Disabling gradient calculation is useful for inference, when you are sure that you will not call Tensor.backward(). It will reduce memory consumption for computations that would otherwise have requires_grad=True.

saikalyan9981 commented 4 years ago

Thank you for clarifying my doubts @HiromuHota , To make sure I understood it right, first featurizer.apply(split=0, train=True, parallelism=PARALLEL) then drop all the keys present then upsert stored keys then get_feature_matrices

candidateExtractor = CandidateExtractor(session, [candidate])
candidateExtractor.apply(fonduerPipeline.contexts[context], split=0, parallelism=PARALLEL)
test_cands = candidateExtractor.get_candidates(split = 0)
featurizer = Featurizer(session, [candidate])
featurizer.apply(split=0, train=True, parallelism=PARALLEL)
key_names_drop = [key.name for key in featurizer.get_keys()]
F_test = featurizer.get_feature_matrices(test_cands)

@HiromuHota Can you please comment, if this is good?

HiromuHota commented 4 years ago

I'd suggest two changes:

  1. Use split=2 for test data. (That's the convention. 0/1/2 - train/dev/test).
  2. No need to set train=True on test_cands if you drop the trained keys right after training it.

So your code should look like below.

candidateExtractor = CandidateExtractor(session, [candidate])
candidateExtractor.apply(fonduerPipeline.contexts[context], split=2, parallelism=PARALLEL)
test_cands = candidateExtractor.get_candidates(split = 2)
featurizer = Featurizer(session, [candidate])
featurizer.apply(split=2, train=False, parallelism=PARALLEL)
F_test = featurizer.get_feature_matrices(test_cands)

This code assumes that the backend postgres has no key for Featurizer.
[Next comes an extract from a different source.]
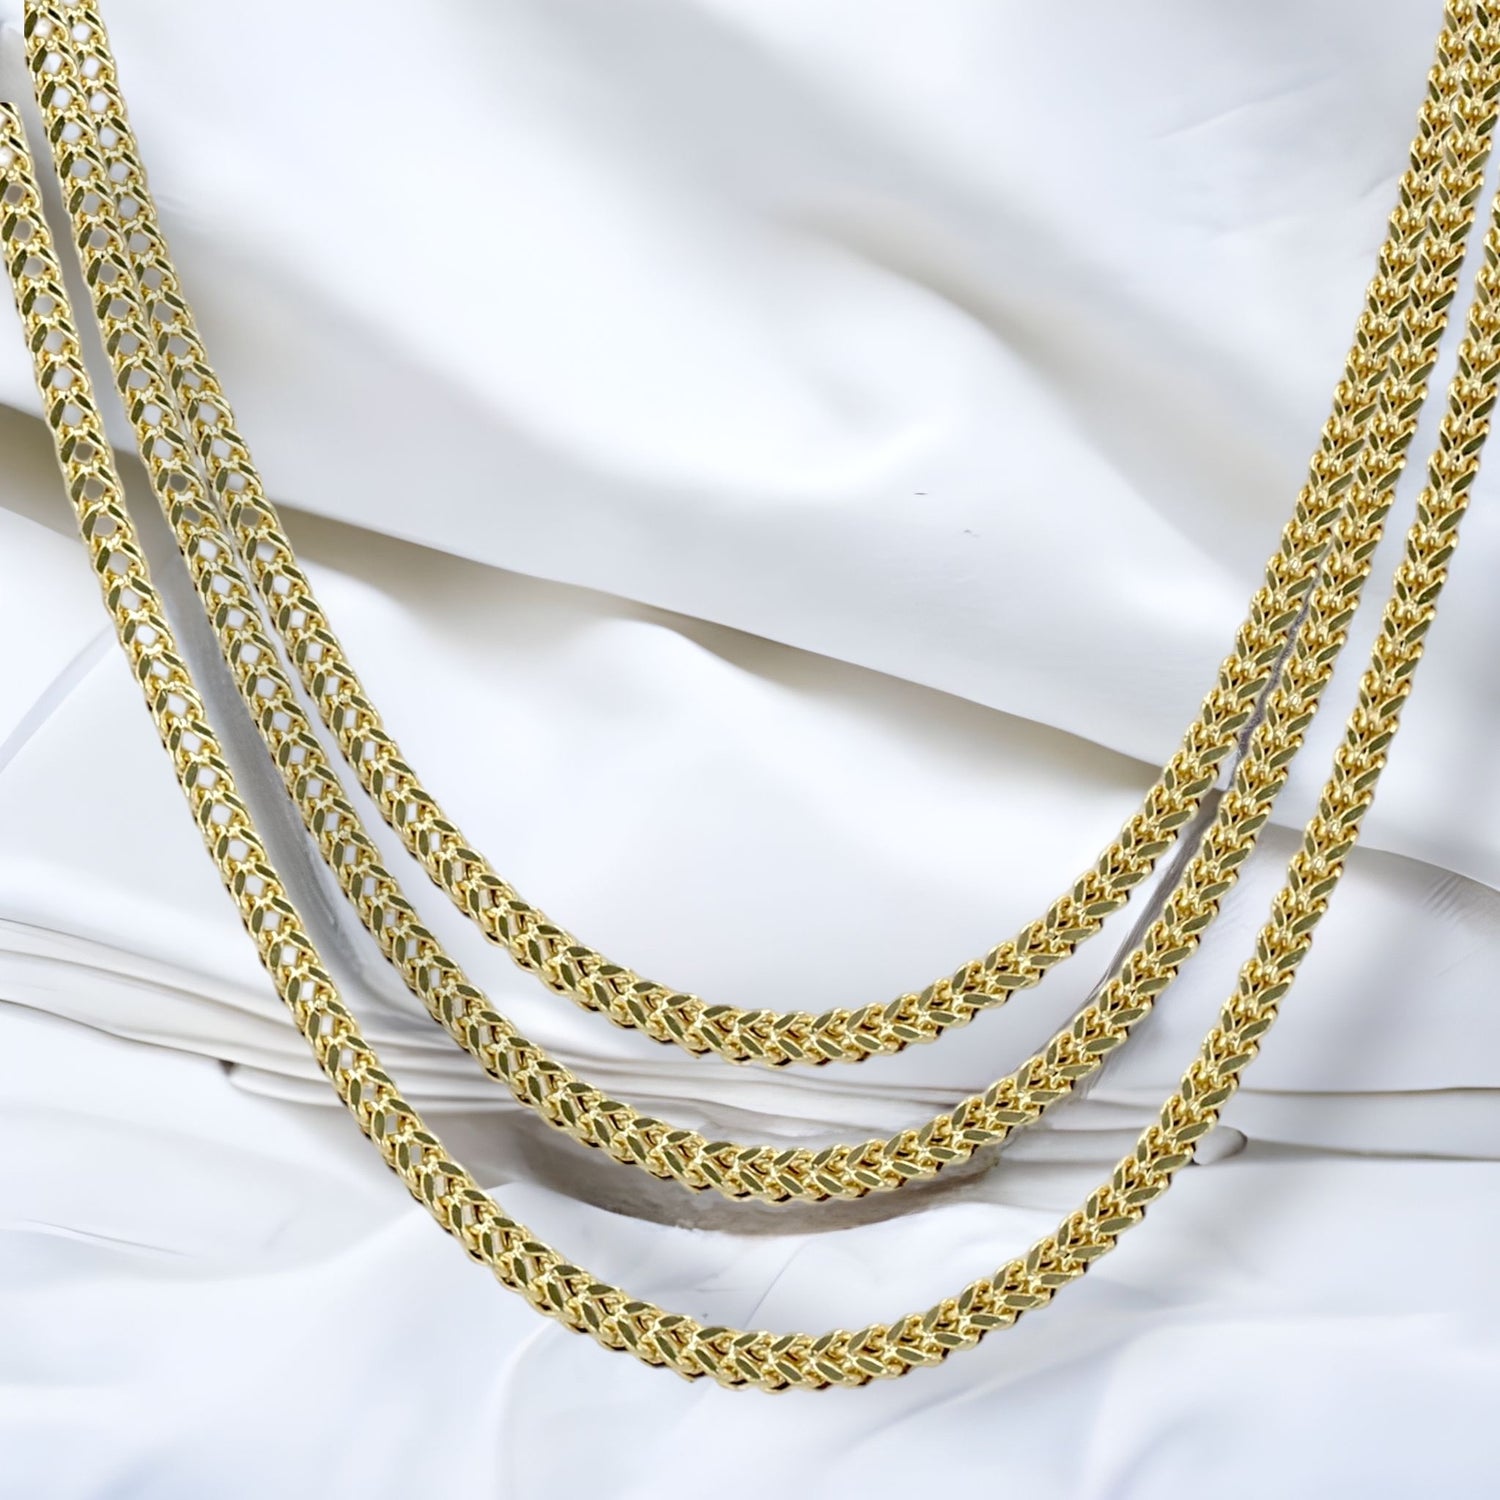 Tienda de joyería fina, joyería diamantes, de oro y Plata – Aldo Jewelry

If not, please drop existing keys before inserting another set of them.

saikalyan9981 commented 4 years ago

@HiromuHota Thanks for the correction In my use case, backend postgres has some keys for Featurizer when I'm using it second time for a different candidate. Although I try to drop keys, some of them aren't getting dropped. But when I drop after train=True, all keys gets dropped.

key_names_drop = [key.name for key in featurizer.get_keys()]
print(len(featurizer.get_keys())) ## prints 2531

featurizer.apply(split=2, train=True, parallelism=PARALLEL)
key_names_drop = [key.name for key in featurizer.get_keys()]
print(len(featurizer.get_keys())) ## prints 0

This is the reason, I'm using train=True and then dropping the keys

HiromuHota commented 4 years ago

@saikalyan9981 Thank you for letting us know the reason behind. This behavior looked strange to me at first but now I can see it more clearly after reading documentations carefully. Nonetheless, this behavior is still very confusing and would require improvement.
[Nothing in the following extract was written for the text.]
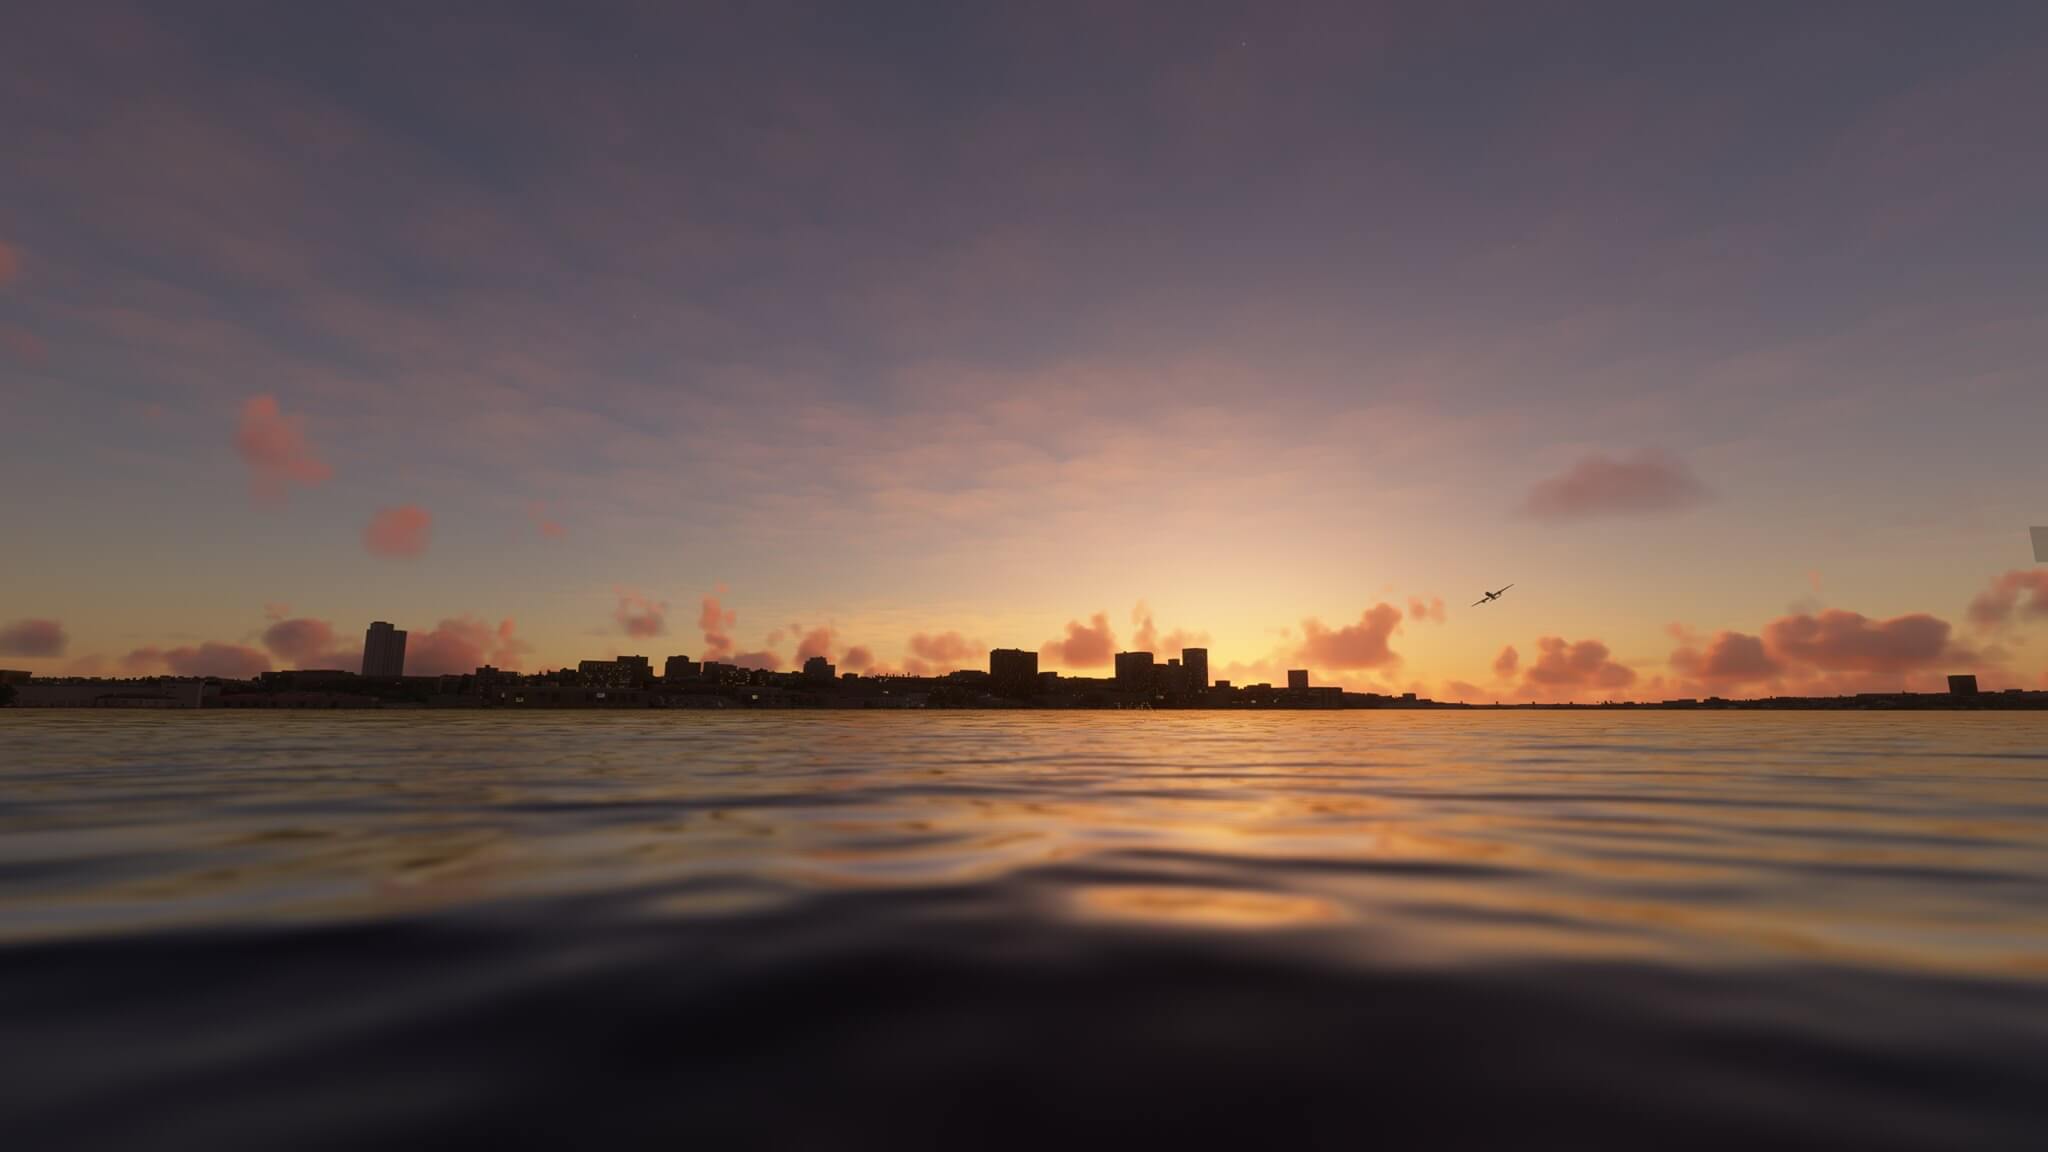 A plane flies over water near a city skyline

Here is why this happens: Featurizer takes a list of candidate classes when it gets initialized. featurizer.drop_keys drops only keys that are associated with this list of candidate classes. Meanwhile featurizer.get_keys() returns a list of all keys that are stored in the database no matter which candidate class they are associated with.

Your code should work as expected, but this session.query(FeatureKey).delete(synchronize_session="fetch") should work too to clear the keys. It is a little hacky, though.